### Problem to solve
Would you return exactly the lines below from the line with "Shepherd Neame, brasserie" through the line with "Logistics service provider", both included, and nothing else, leaving out the pictures?

### Input for this task
Content starts

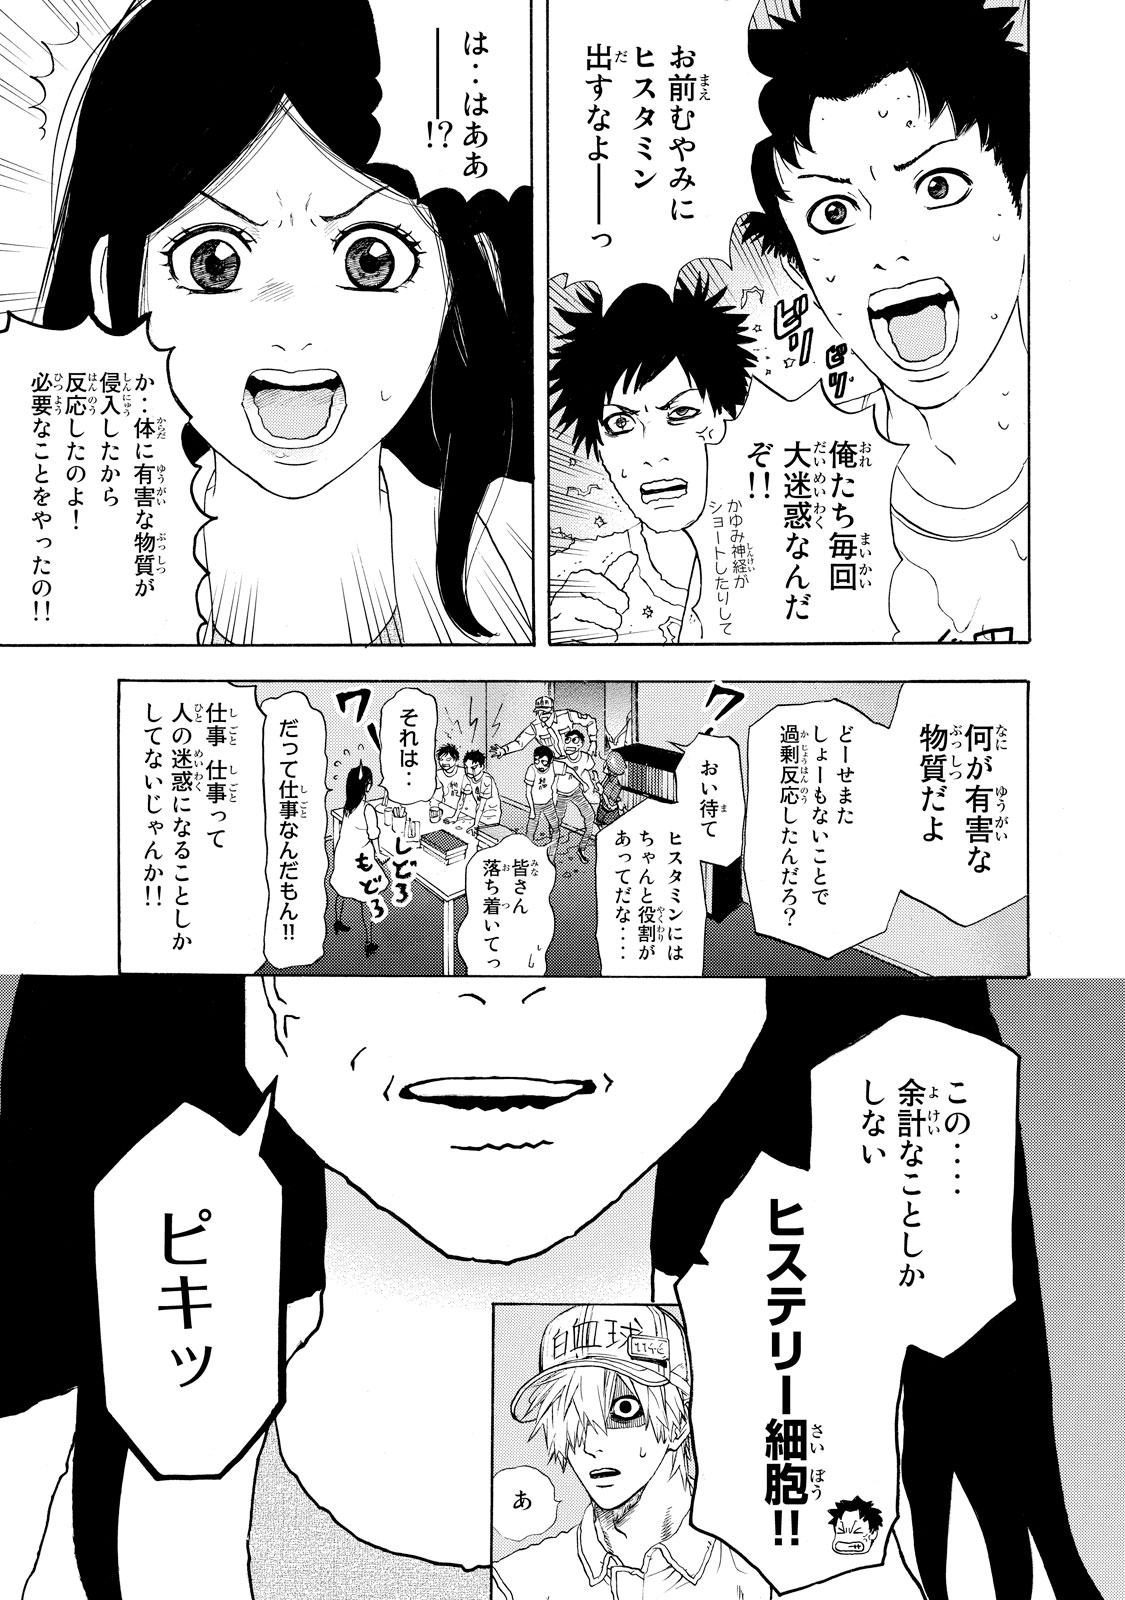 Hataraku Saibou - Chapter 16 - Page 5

Content ends
Content starts

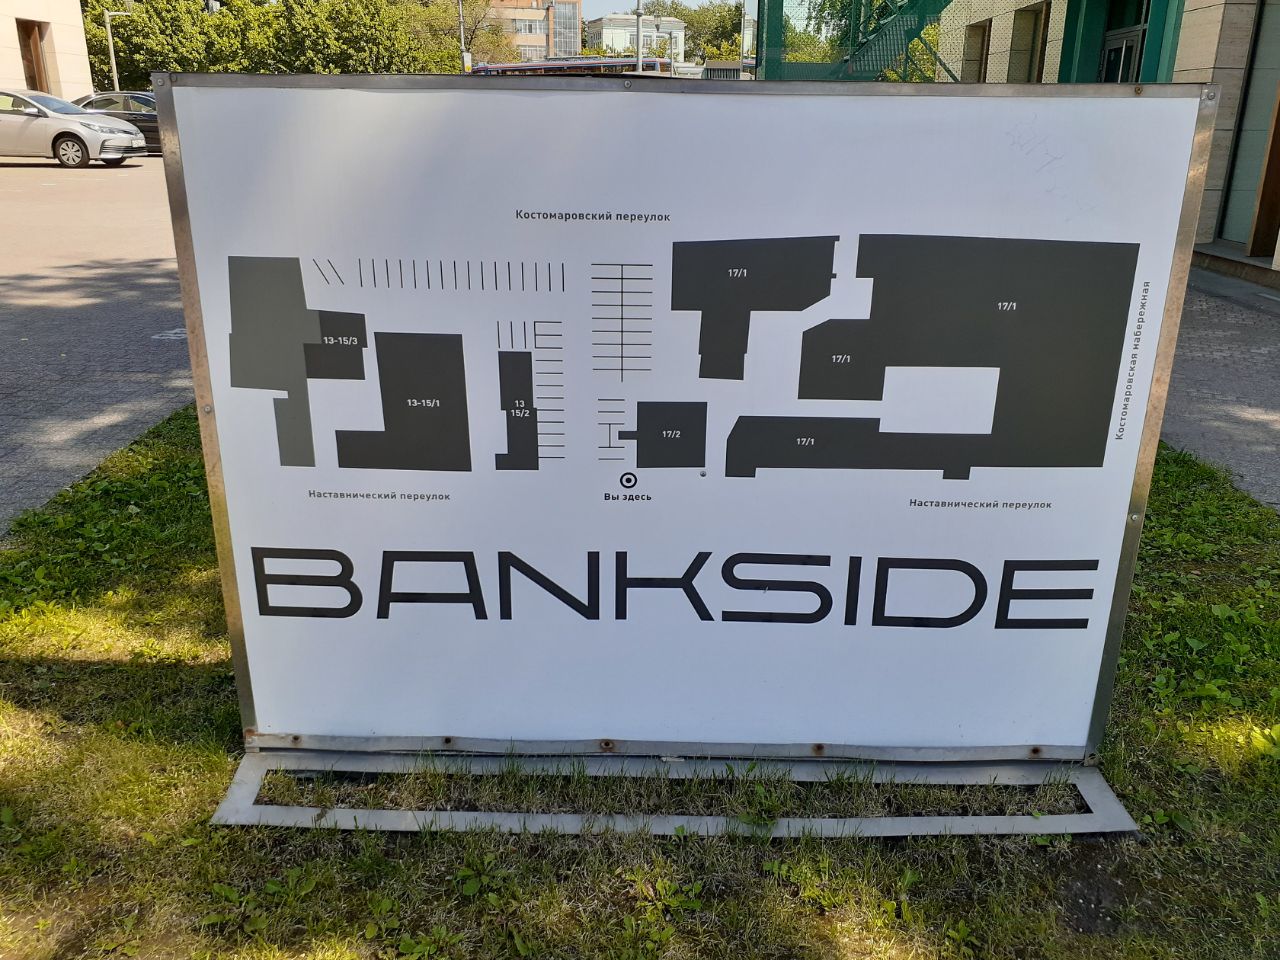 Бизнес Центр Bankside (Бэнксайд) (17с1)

Content ends
Content starts

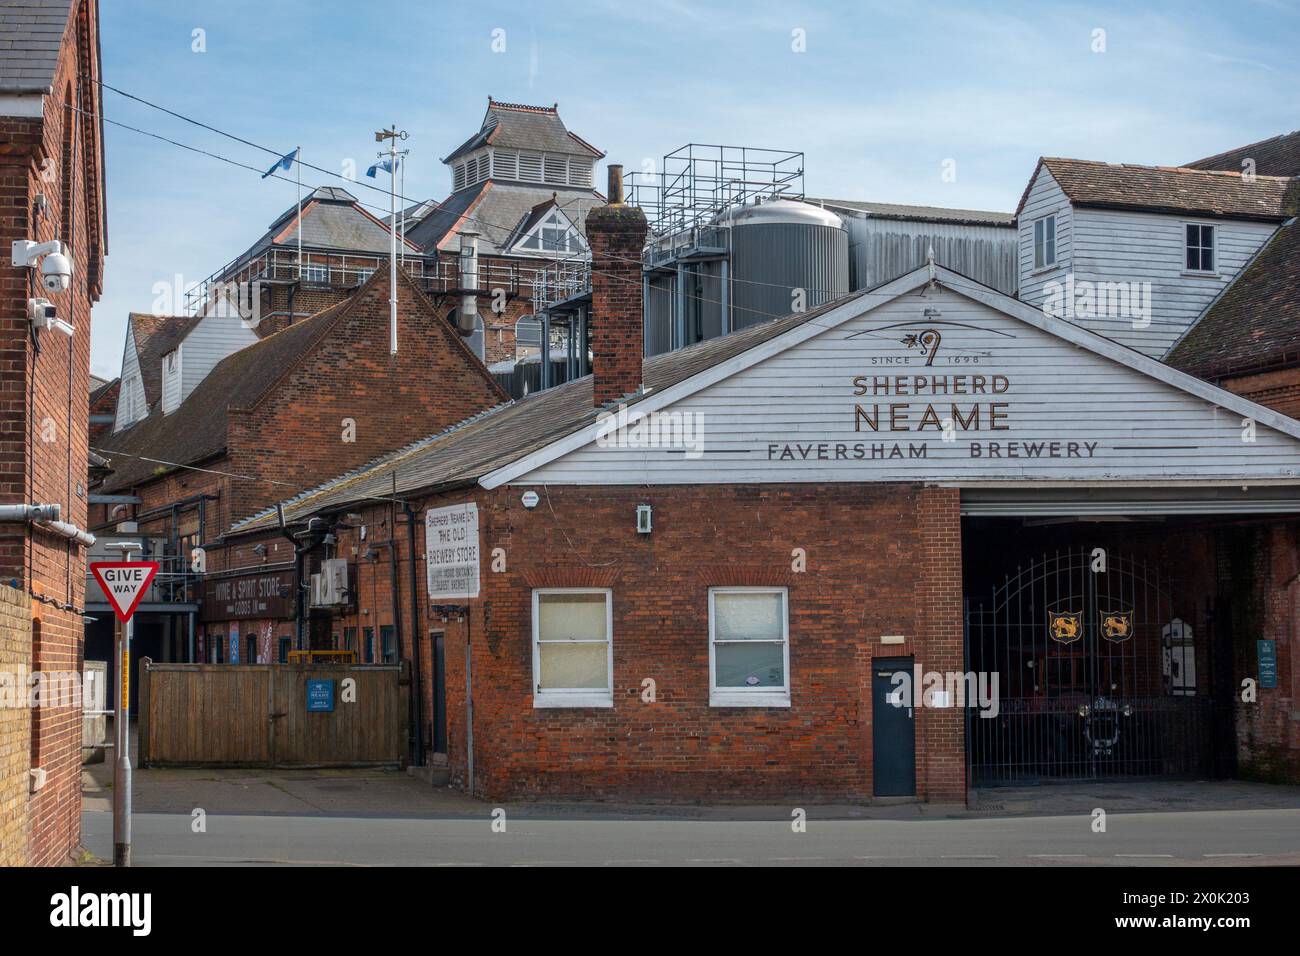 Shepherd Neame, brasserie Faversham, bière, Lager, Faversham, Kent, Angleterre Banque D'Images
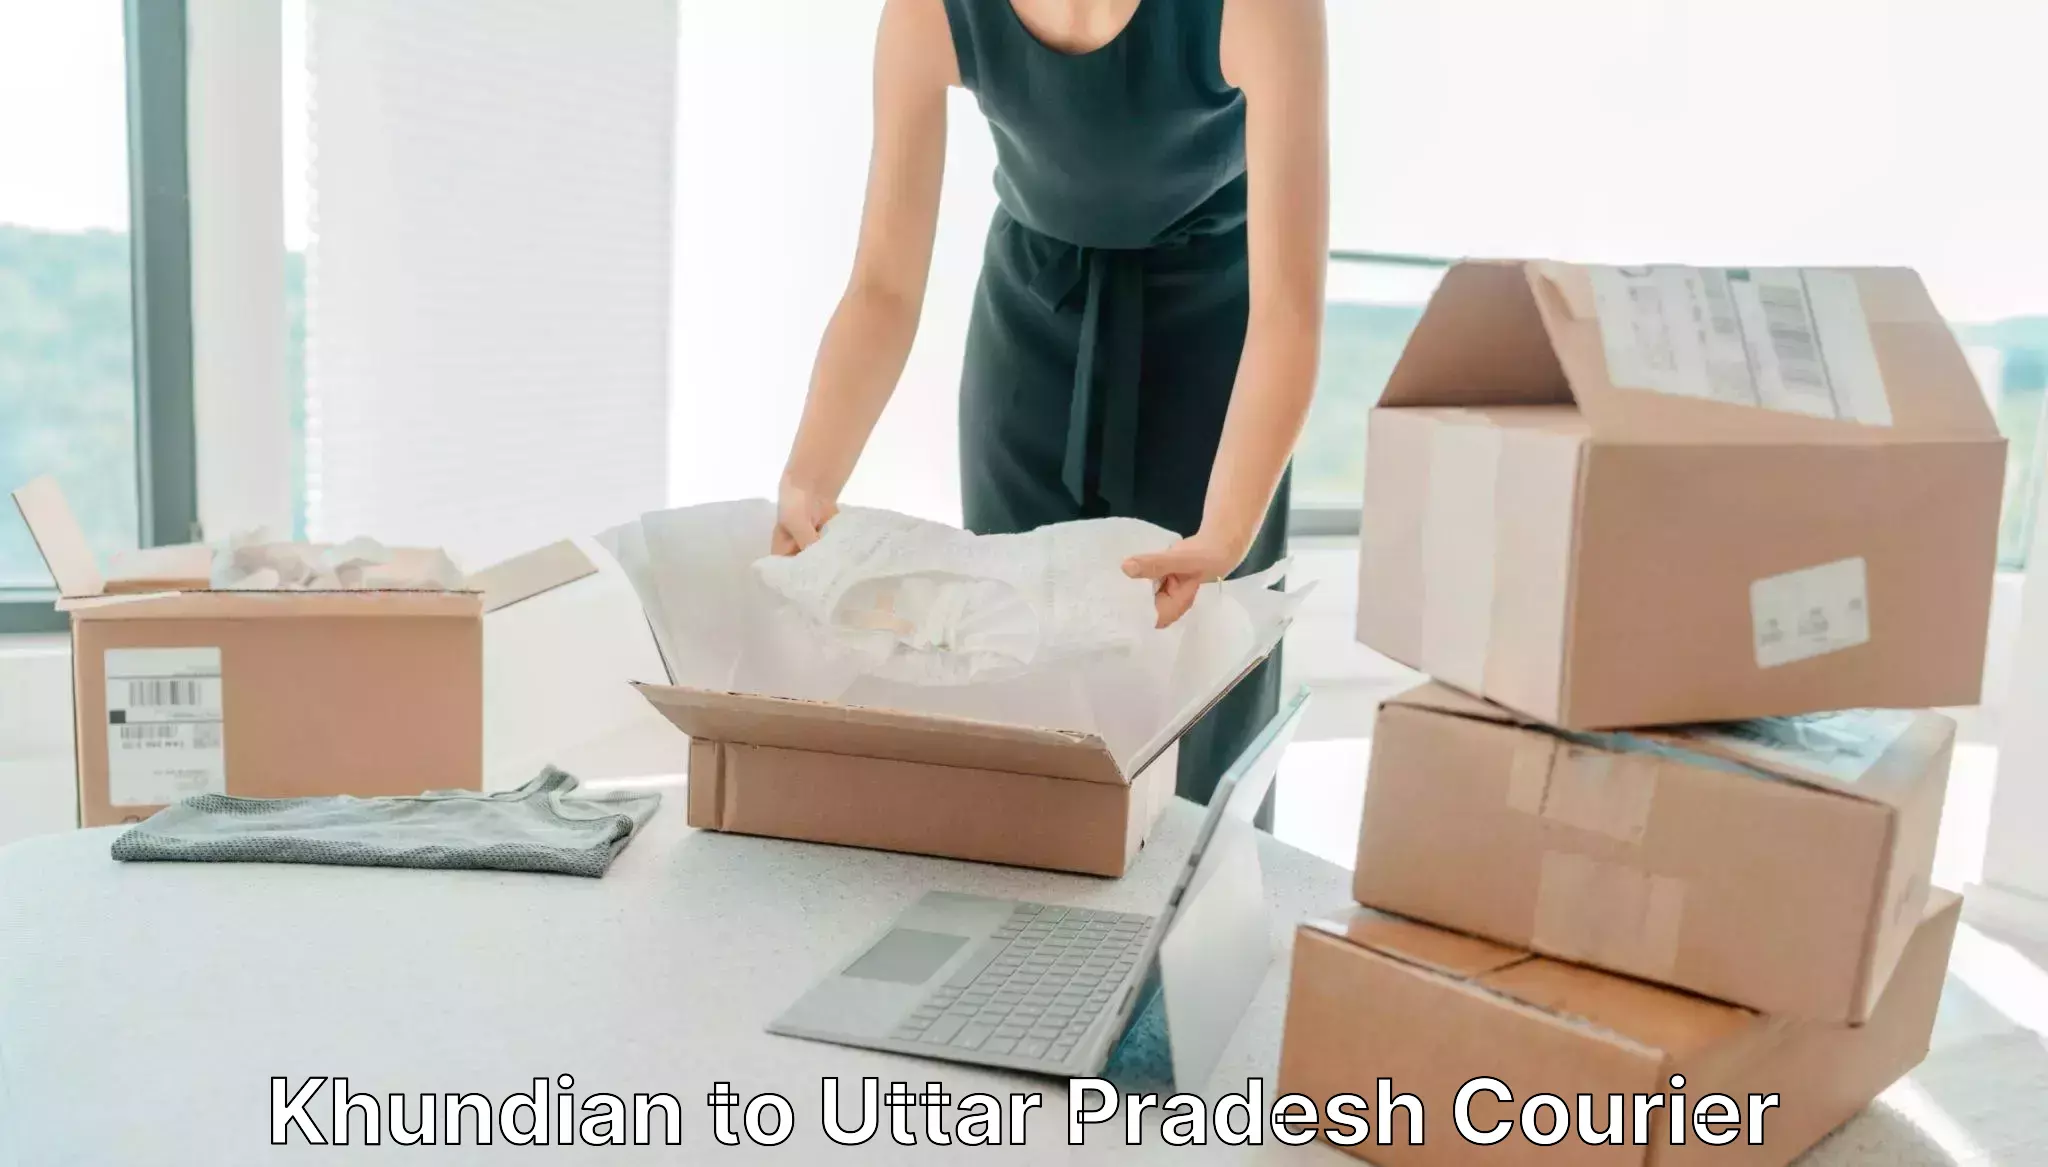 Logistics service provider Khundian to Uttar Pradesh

Content ends

### Response for this exercise
 Shepherd Neame, brasserie Faversham, bière, Lager, Faversham, Kent, Angleterre Banque D'Images
 Logistics service provider Khundian to Uttar Pradesh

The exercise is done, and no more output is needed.